Duane's take
Here's how the official marker tells it, and I'll do my best to do it justice. Picture it: 1889, out in Chambers County, and a man named Elmer W. Barber is digging a water well near his home.
Sixty-five feet down — just trying to get himself some water — and what does he find? Inflammable gas. Right there near the top of a salt dome.

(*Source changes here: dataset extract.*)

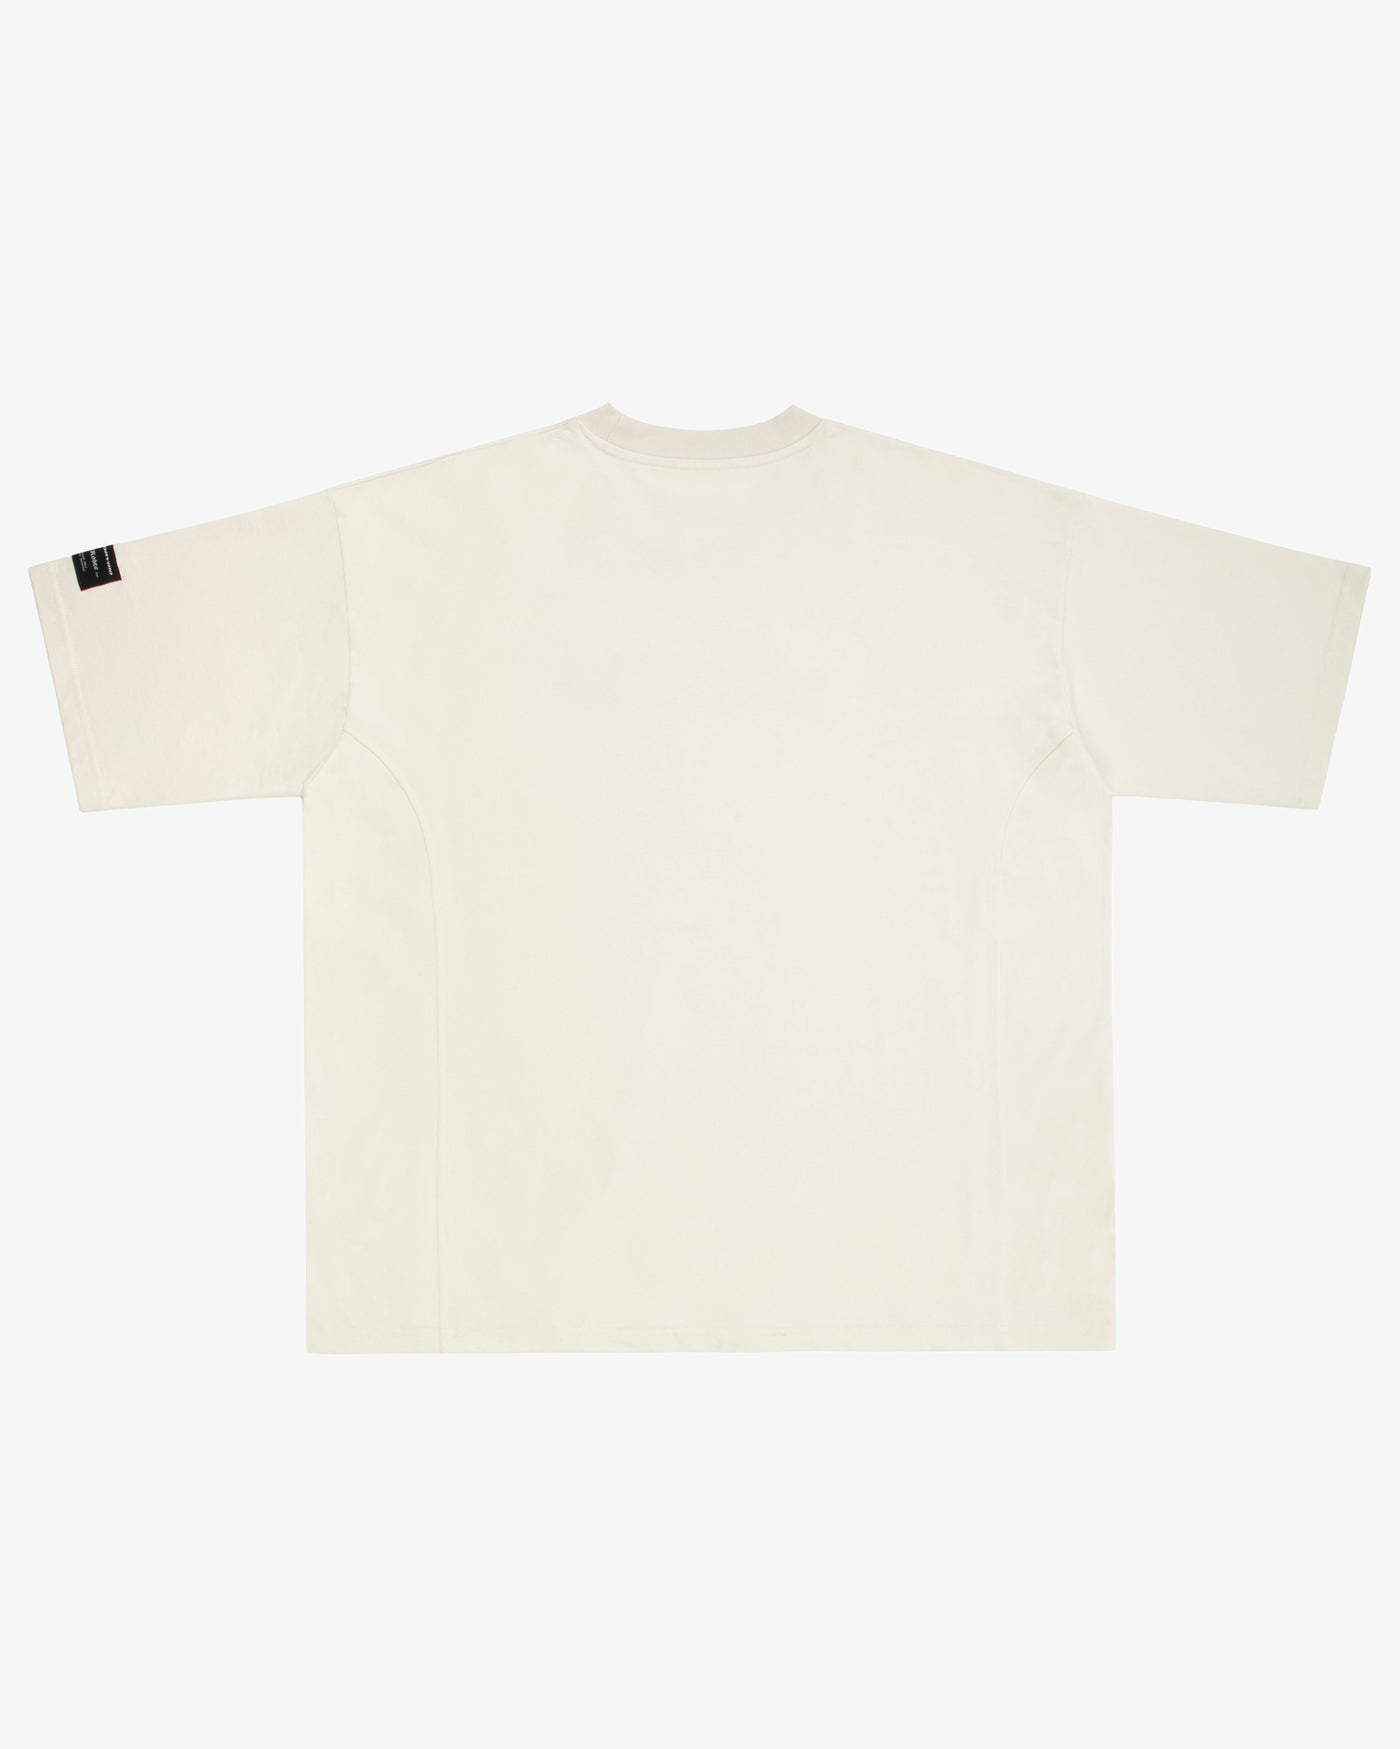 COWBOY STRING FRONTIER HEAVYWEIGHT TEE / OFF WHITE

And not just any salt dome. This one carried the family name. Barbers Hill, first settled by Elmer's father, Amos Barber, before him.
Now, Elmer — born in 1854, still had all the way to 1935 ahead of him — probably didn't know what to make of that hissing, flammable surprise down in the dark. But the ground beneath Barbers Hill knew something nobody had quite figured out yet. It was keeping a secret, and it was going to make folks wait for it.
Then came 1901. Spindletop blew in, and the whole world got a little oil-crazy. Prospectors started sniffing around Chambers County, seeking leases on that hill.
By 1902, a man named Pattillo Higgins — he'd been an early promoter of Spindletop itself, born in 1863 and not going anywhere until 1955 — drilled on the northwest slope. His well was shallow, like most of the early operations out there. And those early wells?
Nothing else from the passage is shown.